Task instructions » Once the line holding "07 kampanje_webside" appears, repeat it and each line after it to the end of the data, exactly and with nothing else; pictures stay out.

Records »

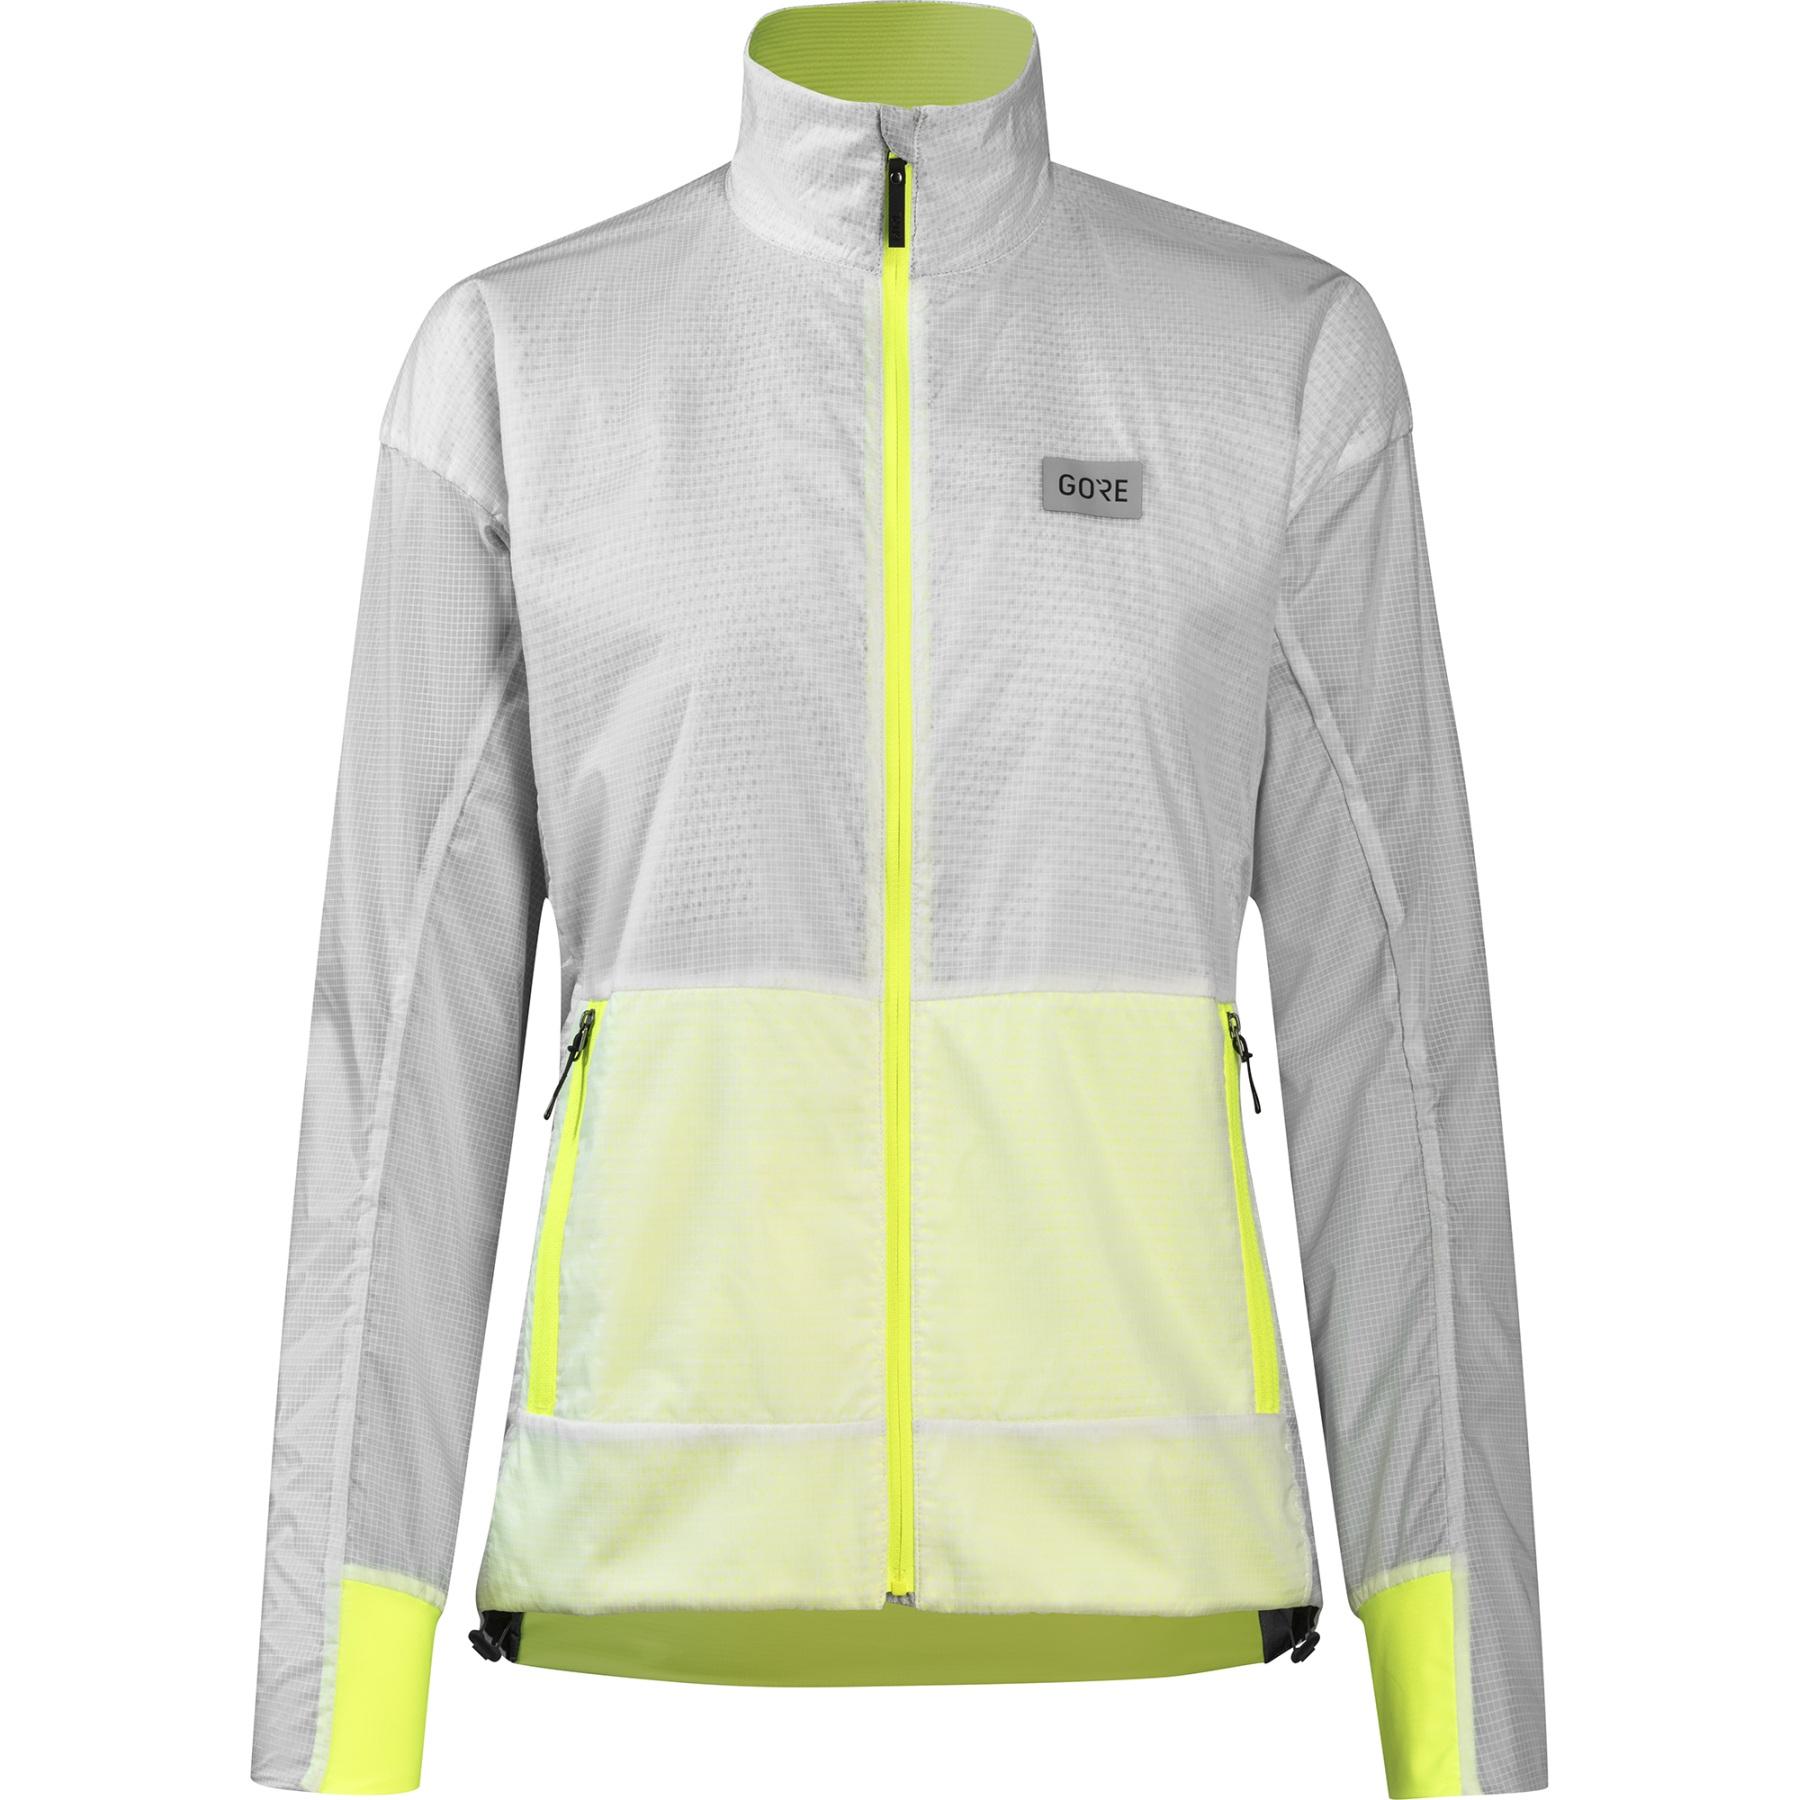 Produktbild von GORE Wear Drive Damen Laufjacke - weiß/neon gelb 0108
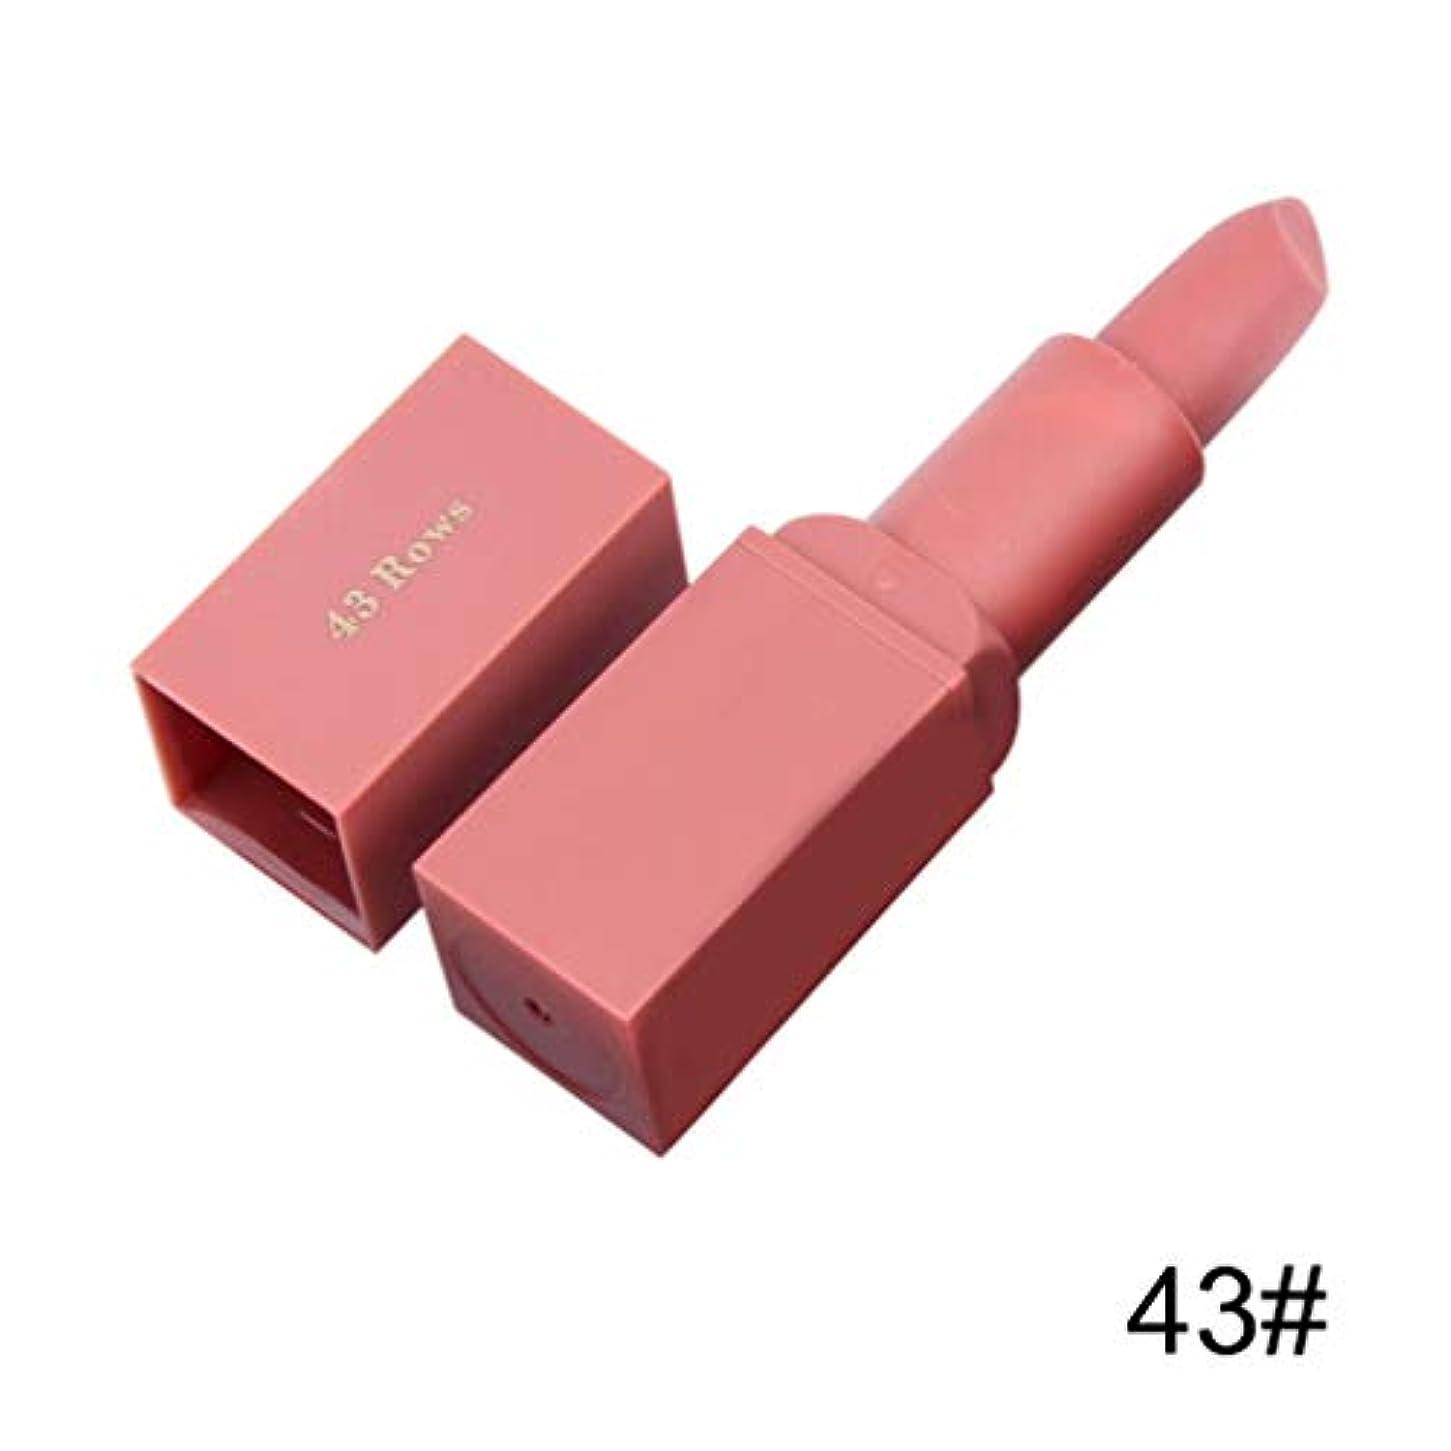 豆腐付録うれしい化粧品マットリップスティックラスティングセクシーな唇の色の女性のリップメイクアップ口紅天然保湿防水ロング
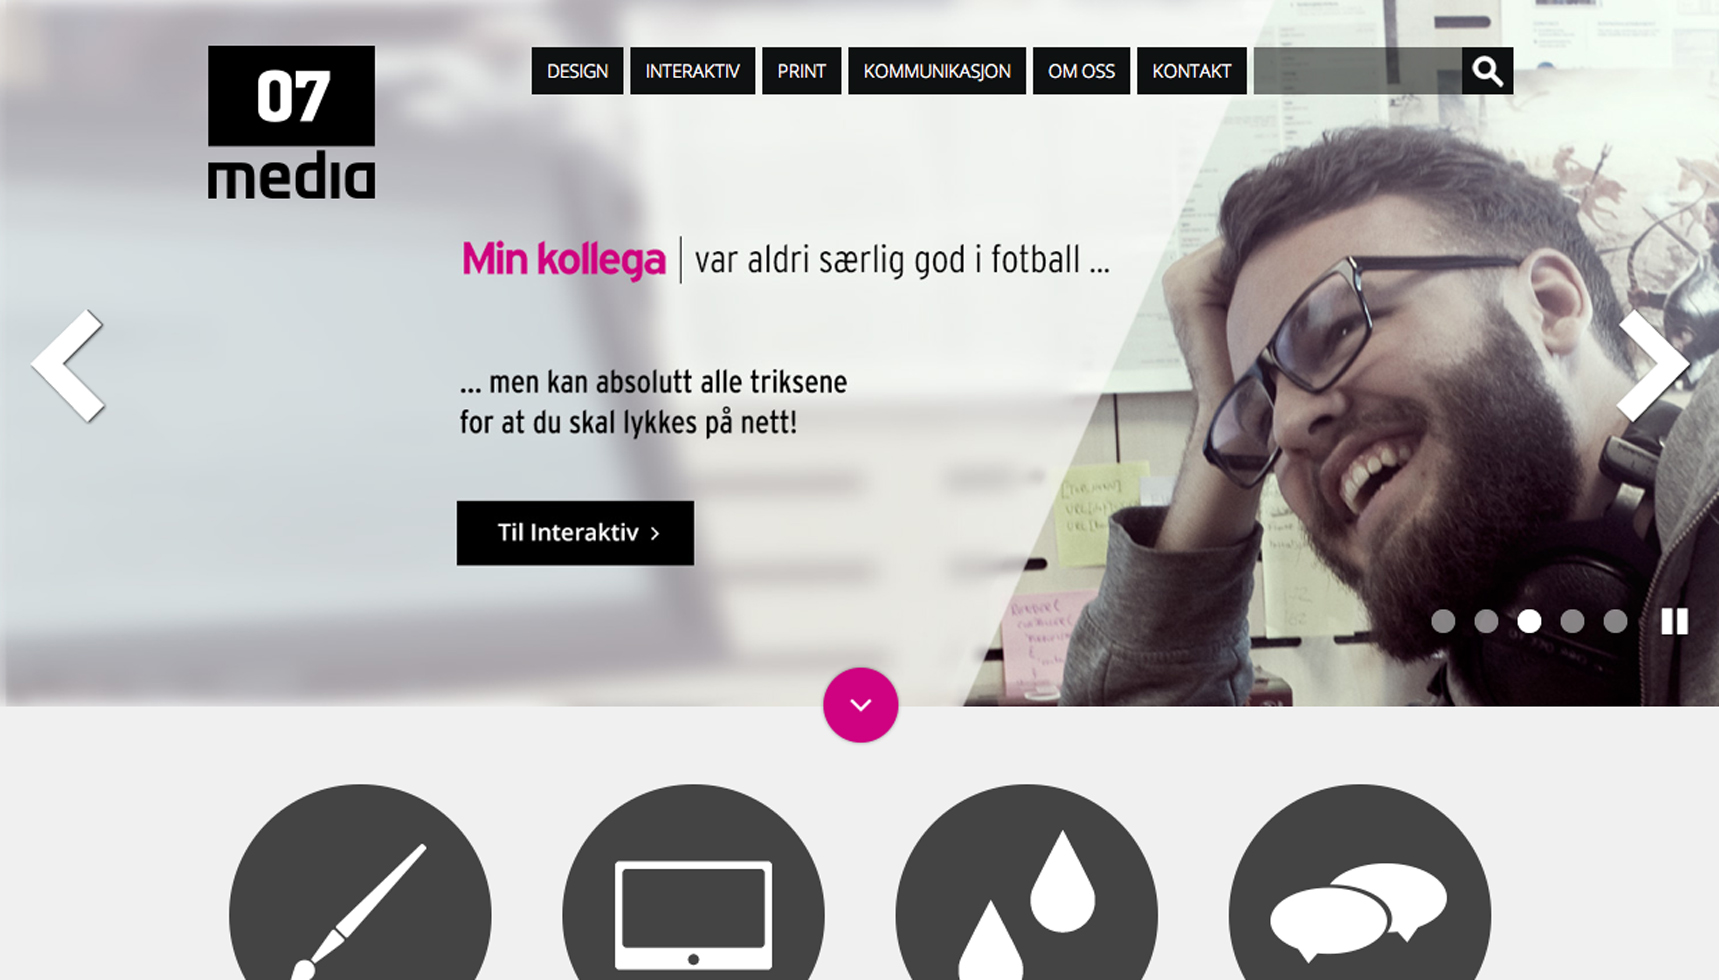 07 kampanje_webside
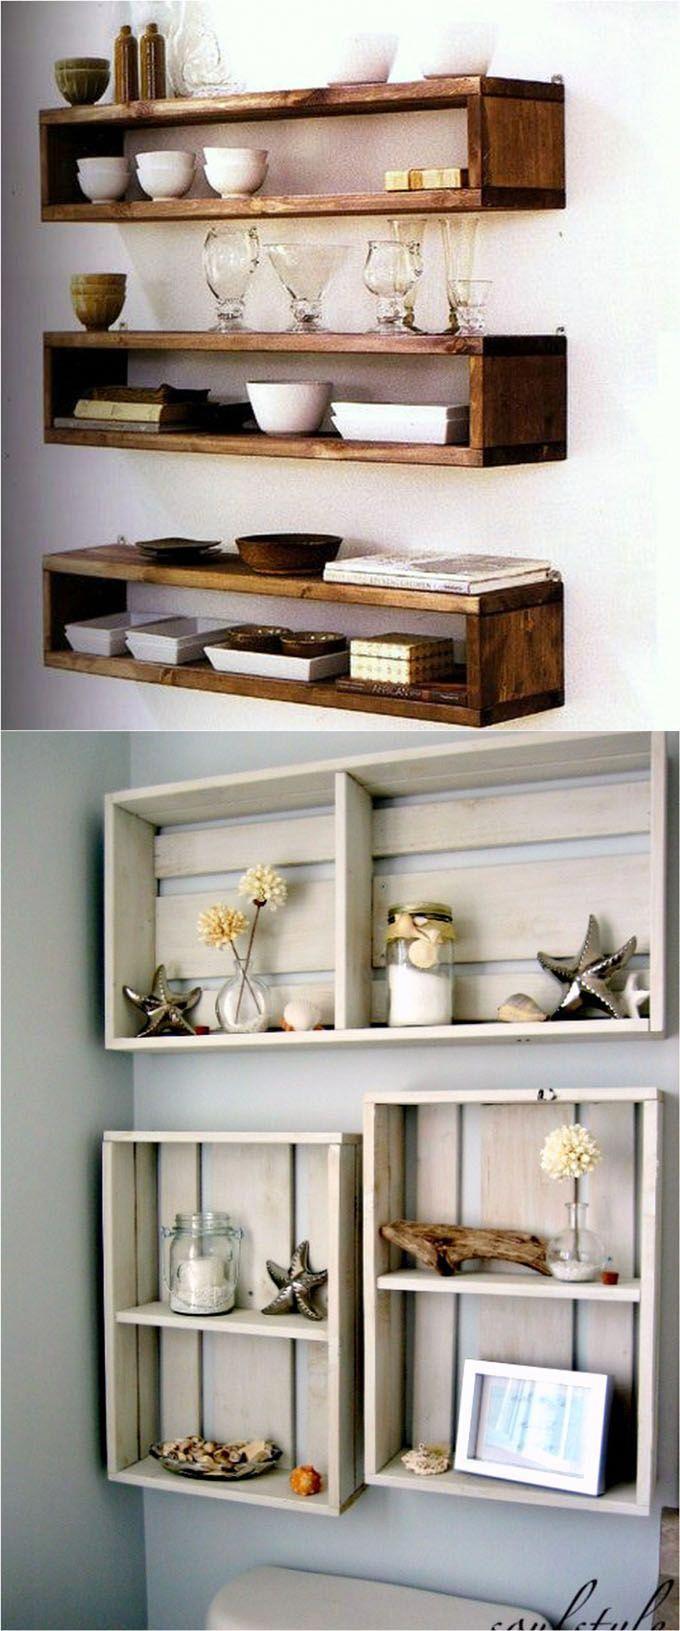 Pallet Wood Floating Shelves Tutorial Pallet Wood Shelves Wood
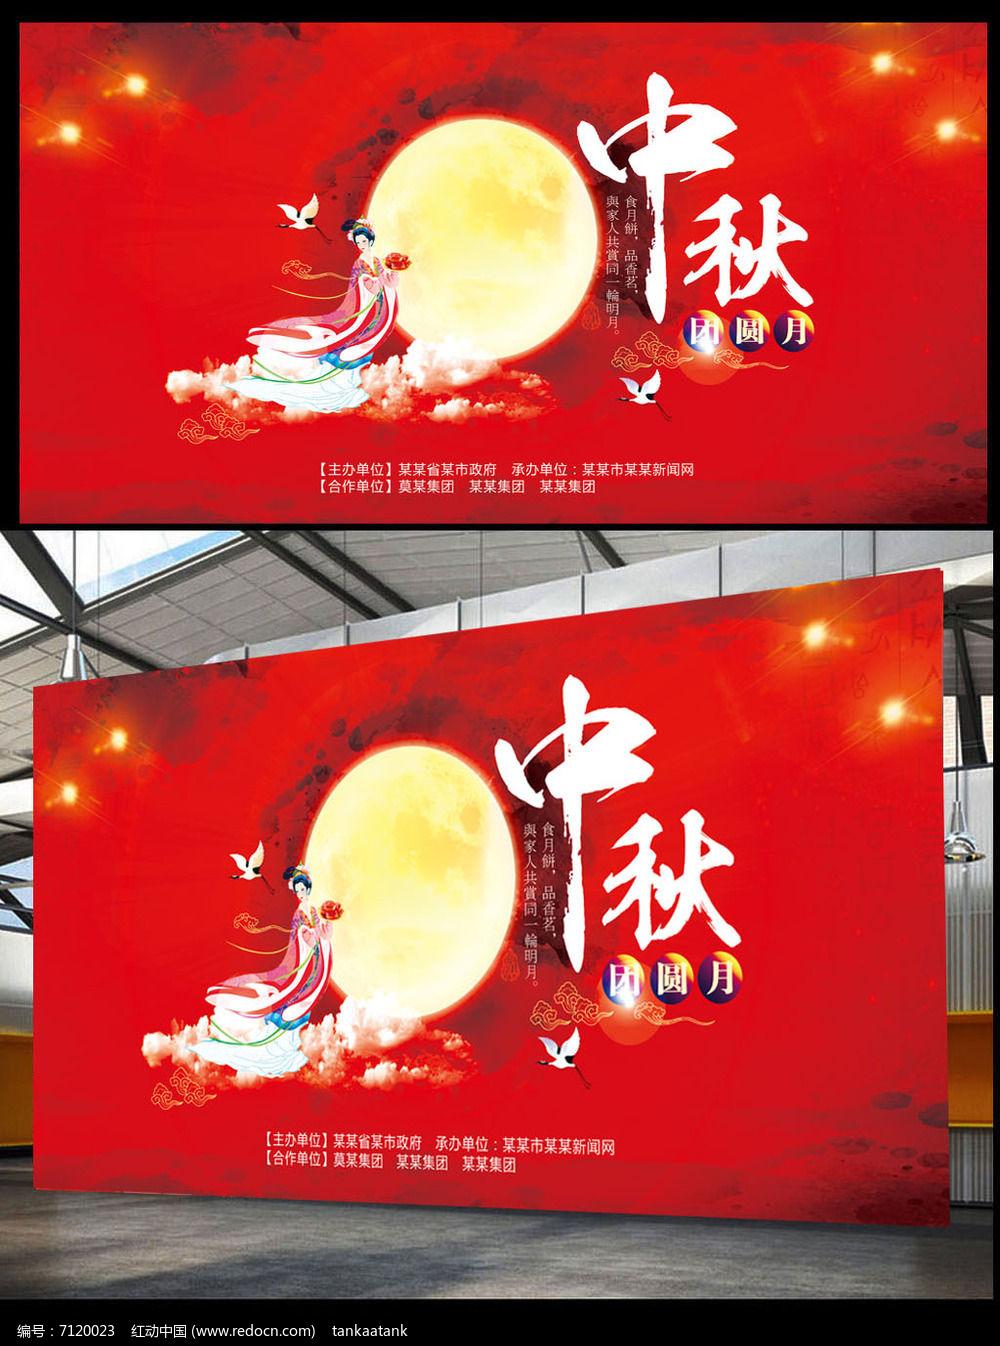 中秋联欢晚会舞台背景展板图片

Solution to the problem »
 07 kampanje_webside
 Pallet Wood Floating Shelves Tutorial Pallet Wood Shelves Wood
 中秋联欢晚会舞台背景展板图片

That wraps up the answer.